Working with filesystems, cloud, dataset API

File Formats supported by PyArrow

PyArrow supports multiple file formats:

Parquet - Columnar format for analytics (compression, encoding, metadata)
Arrow IPC/Feather - Arrow's native format (fastest, zero-copy)
CSV - Text format
JSON - Text format
ORC - Another columnar format

PyArrow provides a unified FileSystem API (pyarrow.fs) that allows you to interact with local storage, S3, and GCS using the same methods. This abstraction is incredibly powerful because it means your data-loading code doesn't have to change if you move your data from a local folder to a cloud bucket.

1. Local Filesystem

The LocalFileSystem is the simplest implementation. It interacts with your machine's native storage.

from pyarrow import fs

# Initialize
local = fs.LocalFileSystem()

# List files in a directory
file_selector = fs.FileSelector("data/raw_taxis", recursive=True)
files = local.get_file_info(file_selector)

for file in files:
    print(f"Path: {file.path}, Size: {file.size} bytes")

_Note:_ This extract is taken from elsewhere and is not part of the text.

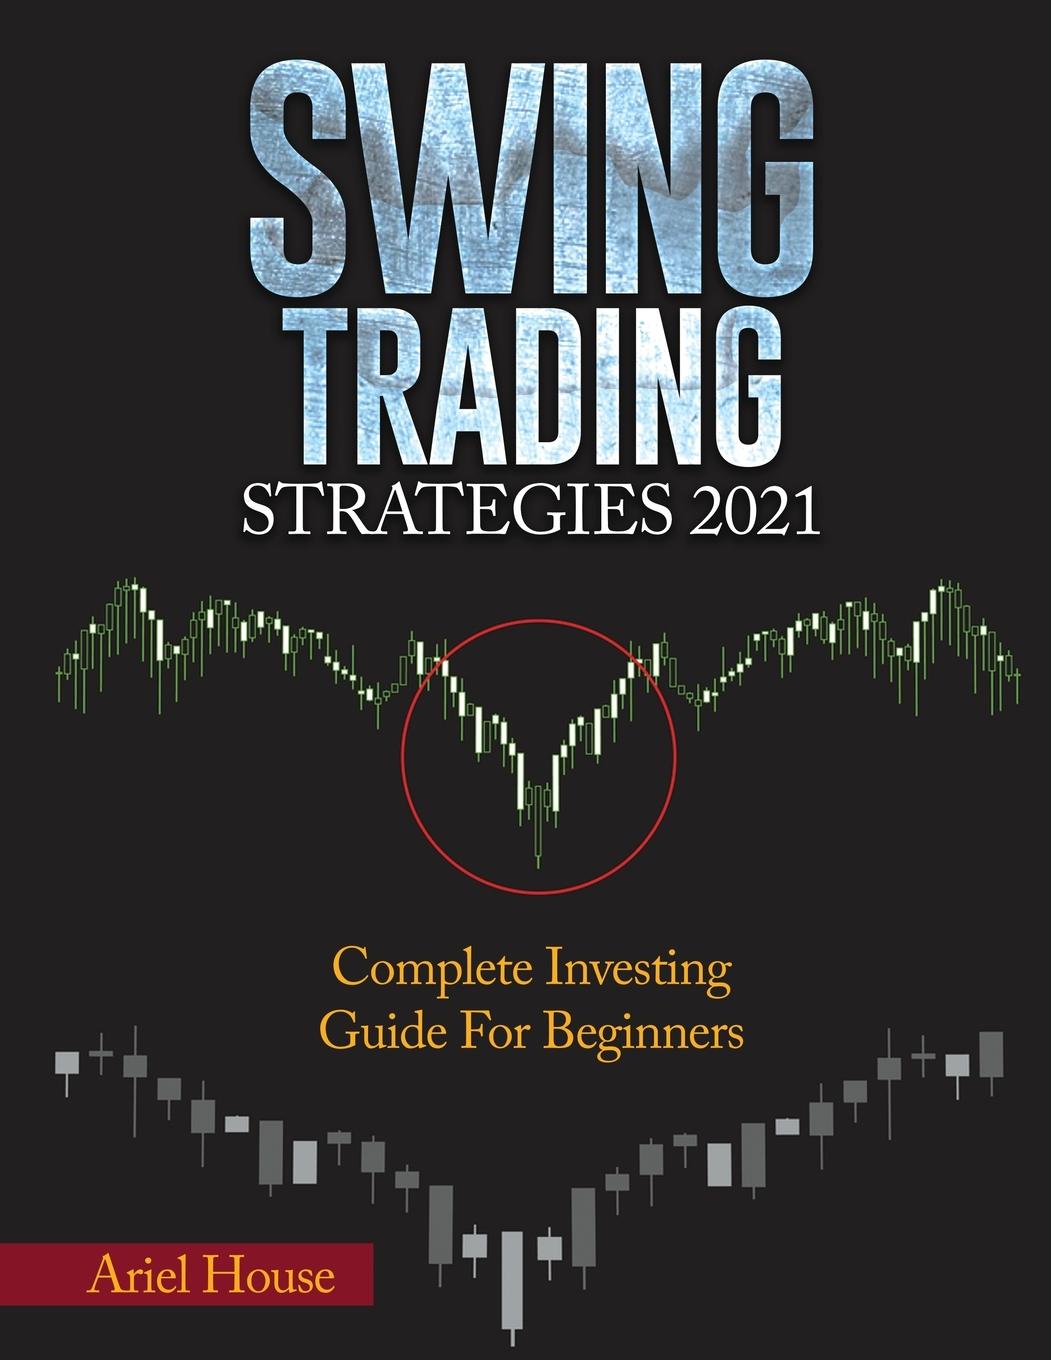 Carte Swing Trading Strategies 2021 
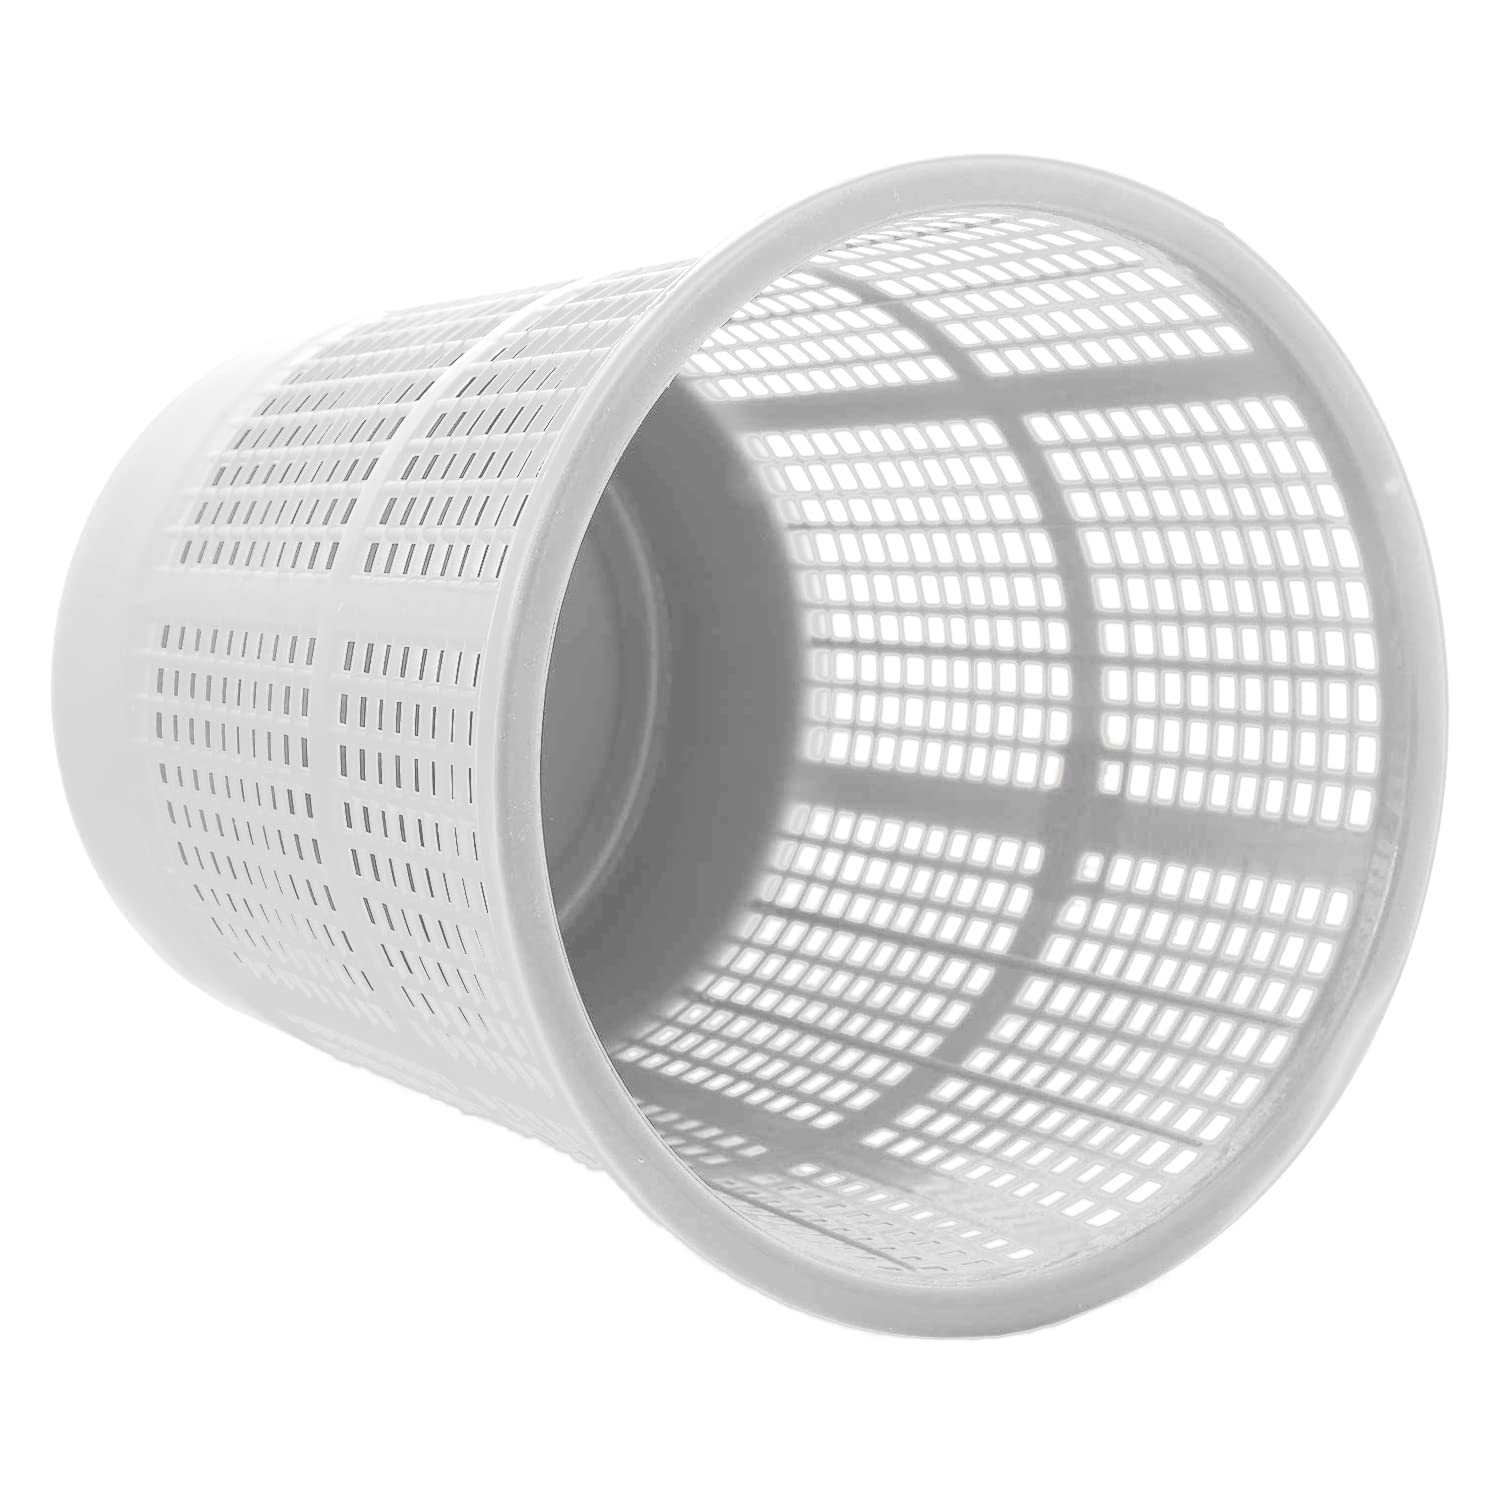 Kuber Industries Mesh Design Plastic Dustbin/Garbage Bin, 5Ltr.- Pack of 2 (White)-47KM0784

# Write a simple buffer to a file
with local.open_output_stream("data/example.txt") as stream:
    stream.write(b"Hello from PyArrow LocalFS")

2. Amazon S3

To use S3, PyArrow uses the AWS C++ SDK under the hood. It can automatically pick up your credentials from ~/.aws/credentials or environment variables.

from pyarrow import fs

# Initialize (Uses default AWS credential chain)
s3 = fs.S3FileSystem(region="us-east-1")

# Alternatively, pass credentials explicitly
# s3 = fs.S3FileSystem(access_key="...", secret_key="...")

# Read a specific file info
info = s3.get_file_info("my-bucket/data/yellow_tripdata_2024.parquet")
print(f"S3 File Type: {info.type}, Last Modified: {info.mtime}")

# Copy a file from S3 to Local
# fs.copy_files(s3, "my-bucket/remote.dat", local, "local_copy.dat")

3. Google Cloud Storage (GCS)

The GcsFileSystem works similarly and typically looks for the GOOGLE_APPLICATION_CREDENTIALS environment variable.

from pyarrow import fs

# Initialize
gcs = fs.GcsFileSystem()

# List contents of a GCS bucket
selector = fs.FileSelector("my-gcp-bucket/logs", recursive=False)
items = gcs.get_file_info(selector)

# Check if a file exists
info = gcs.get_file_info("my-gcp-bucket/config.json")
if info.type == fs.FileType.NotFound:
    print("File does not exist on GCS!")

4. The "Shortcut" (Automatic URI Resolution)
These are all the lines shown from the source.